Actually this example is probably not that contrived: it turns out, that we can encounter similar issues , if we use Eigen::Vector4i which is provided by the popular linear algebra library Eigen.

Fixing the alignment with an workaround

So, how can we fix our optional then? First of all, we need to go back to alignment rules above. In general we can identify two cases here: a type is

either “composed” like structs, classes, unions and arrays – these types inherit their alignment from their members –
or “build-in”, which means that it’s alignment is defined by it’s size.

As all pointer types have the same size, the set of different alignment requirements is finite. Therefore there must be a maximal alignment requirement, which then would be suitable for each and every standard compliant type.

Beside this chain of arguments, there must be such a maximum alignment requirement, simply because of std::malloc. malloc just returns a void pointer – it does not know the type which the allocated memory is supposed to be used for. As we can pass the return value of malloc to the placement-new operator, the allocated memory must be aligned in a way which fits for each an every type. The cppreference documentation of std::malloc says exactly that:

If allocation succeeds, returns a pointer to the lowest (first) byte in the allocated memory block that is suitably aligned for any scalar type (at least as strictly as std::max_align_t).

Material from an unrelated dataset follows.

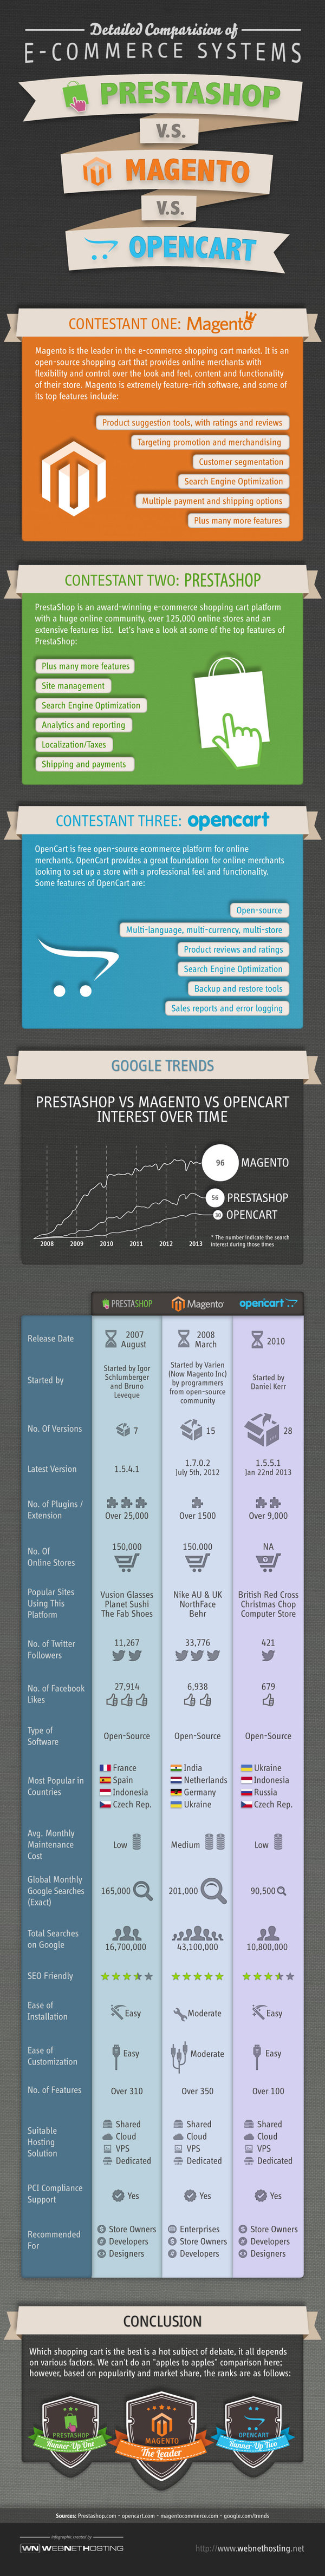 PrestaShop vs. Magento vs. Open Cart - InfoGraphic

So there is not only a maximum alignment requirement, there is actually a type std::max_align_t, which is defined to have the most strict alignment requirements possible. Unfortunately it has been introduced in C++11, which we can not use here.

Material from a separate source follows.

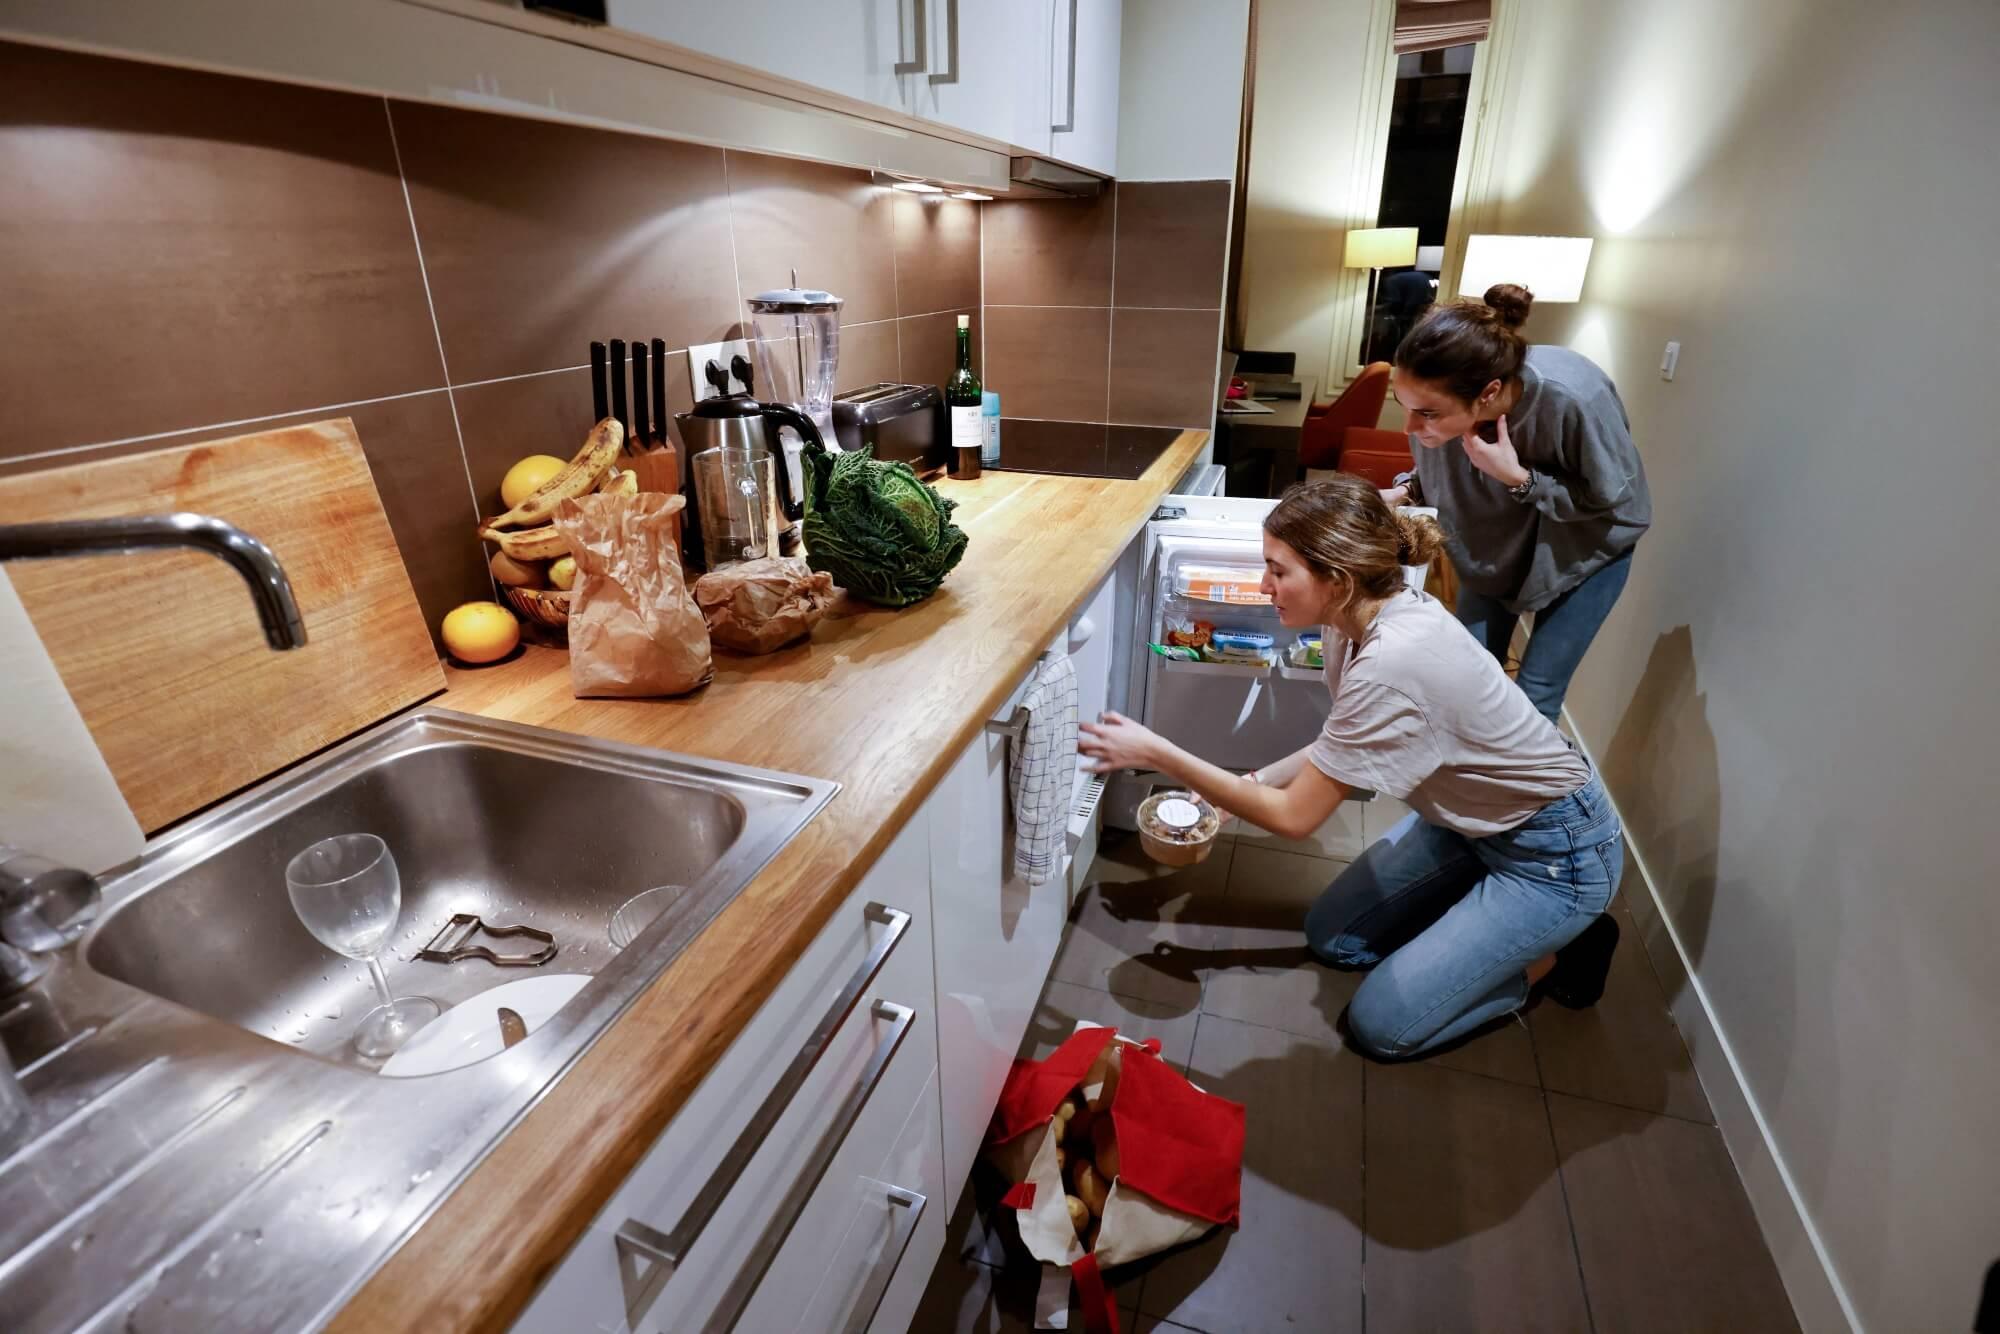 UK university students advised to find student accommodation early

But we can implement something similar on our own. We already know, that a union always inherits it’s alignment requirements from the member with the most strict alignment requirements. Therefore we can implement std::max_align_t using a union which has a member for each “build-in” type.

union max_align_t {
  long long ll;
  long double ld;
};

This list of types is not comprehensive, but it should fit our needs:

long long is the largest integer type on all platforms (64 bit, long might have the same size, but no other integer type is larger).
long long will be at least as large as the processors register width, so there should not be any need for adding any pointer types here.
long double is the largest floating point (either 128 or 64 bit).

If we have a sneak peek on GCCs implementation we see, that we are actually not far off of it. I suppse that we got as far as one may get in Standard C++ without using compiler intrinsics.

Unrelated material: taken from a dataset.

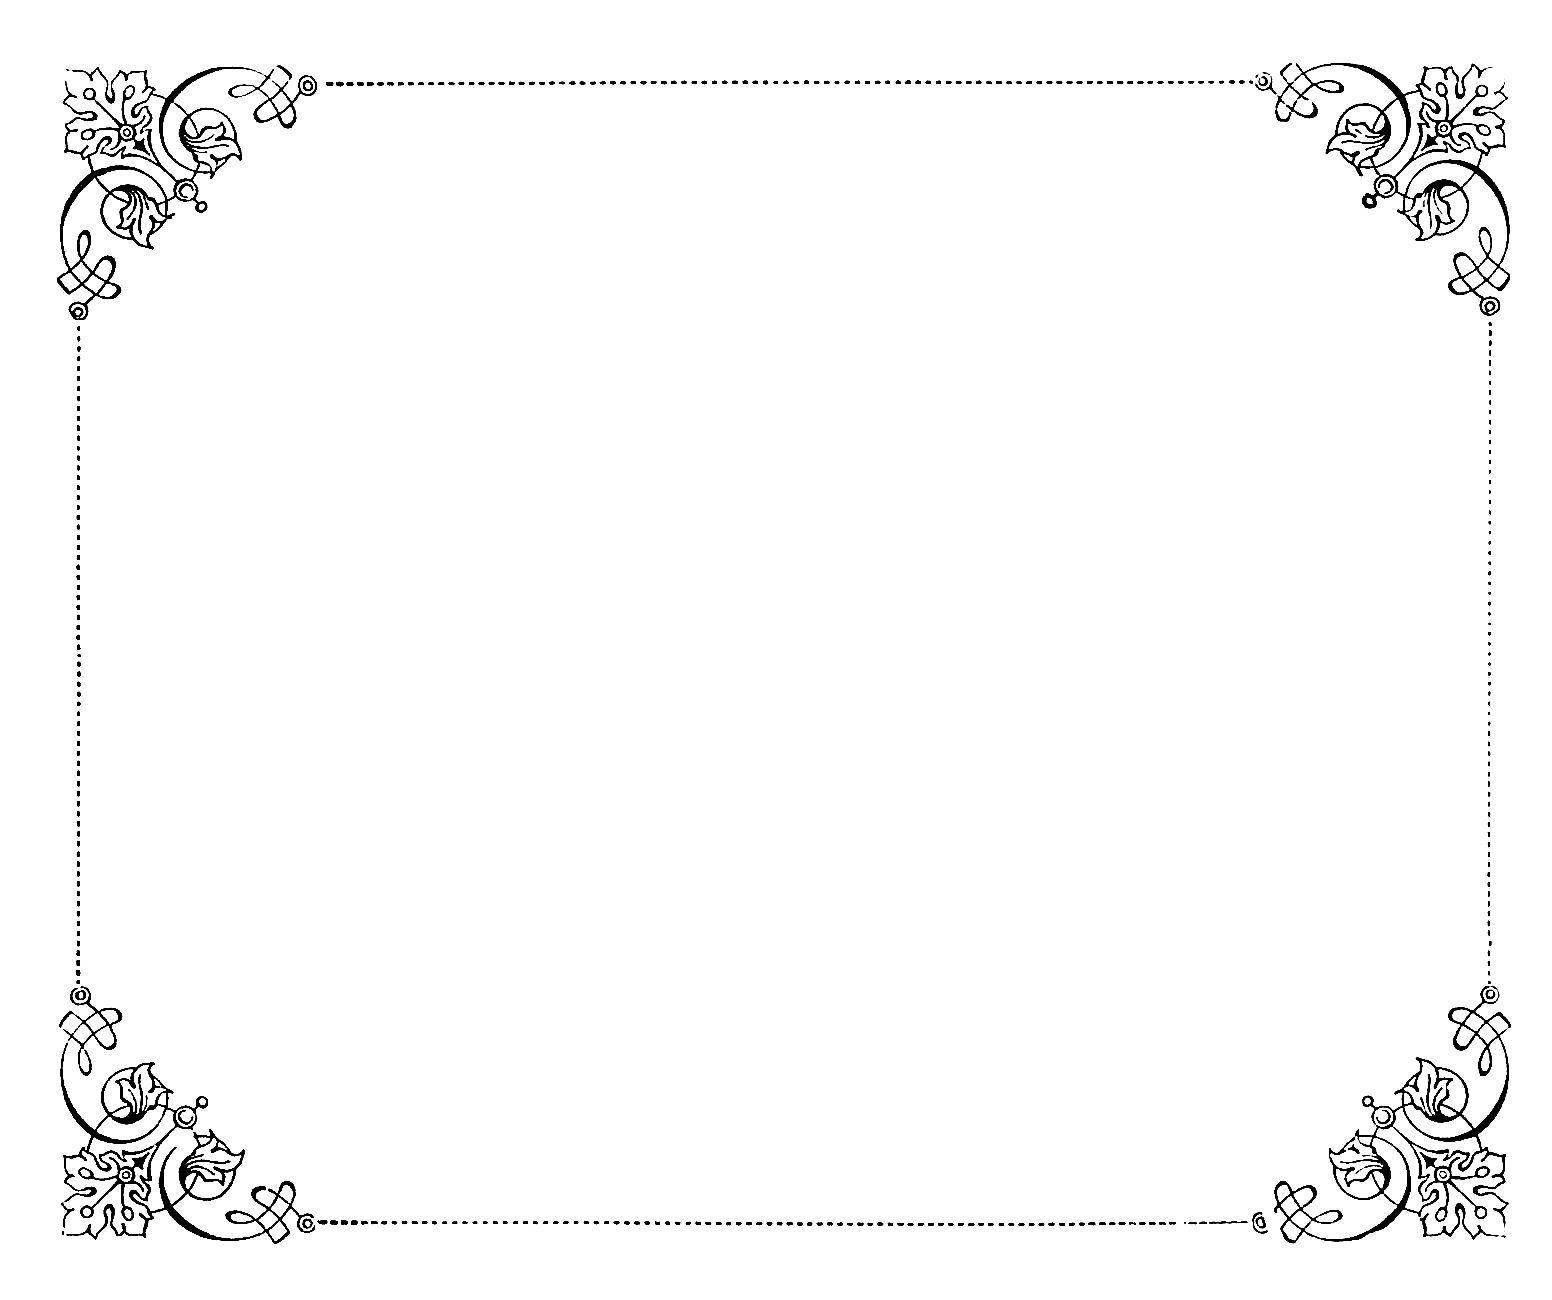 Digital Stamp Design Free Frame Digital Stamp Antique Square Frame Design With Decorative Corners Desain Banner Ornamen Bingkai

We can now use this max_align_t to fix the alignment of mBuffer: we put them both together in a union.

template <typename T>
class optional {
 private:
  //...
  union max_align_t {
    long long ll;
    long double ld;
  };

  union {
    char mBuffer[sizeof(T)];
    max_align_t mDummy;
  };
  //...
};

The union will inherit the alignment requirements of max_align_t and therefore mBuffer will always fulfill the alignment requirements of max_align_t, too. As this is the maximal possible alignment for all types (in C++98), it will suffice for each and every T we might come up with. Our tests will succeed without any issues – even if we enable the undefined behavior sanitizer. Even our example above will work, if we adapt if accordingly.

Conclusion

Ok, this was probably the most complex post so far: we had to deal with data alignment and it’s rules. We had to understand C++’s alignment rules and how they affect our code – especially with respect to undefined behavior. But finally we could derive a suitable solution for the problem at hand: we made sure, that the alignment requirements for all Ts are met.

But I already called this solution a hack and I did it for a reason. With this solution, any optional<T> will always be sizeof(max_align_t) * 2 bytes large. On x86, this will usually be 32 bytes! In many cases, this is quite wasteful. A struct containing a bool and a int is only 8 bytes large.

Therefore we will try to come up with another solution in the upcoming post.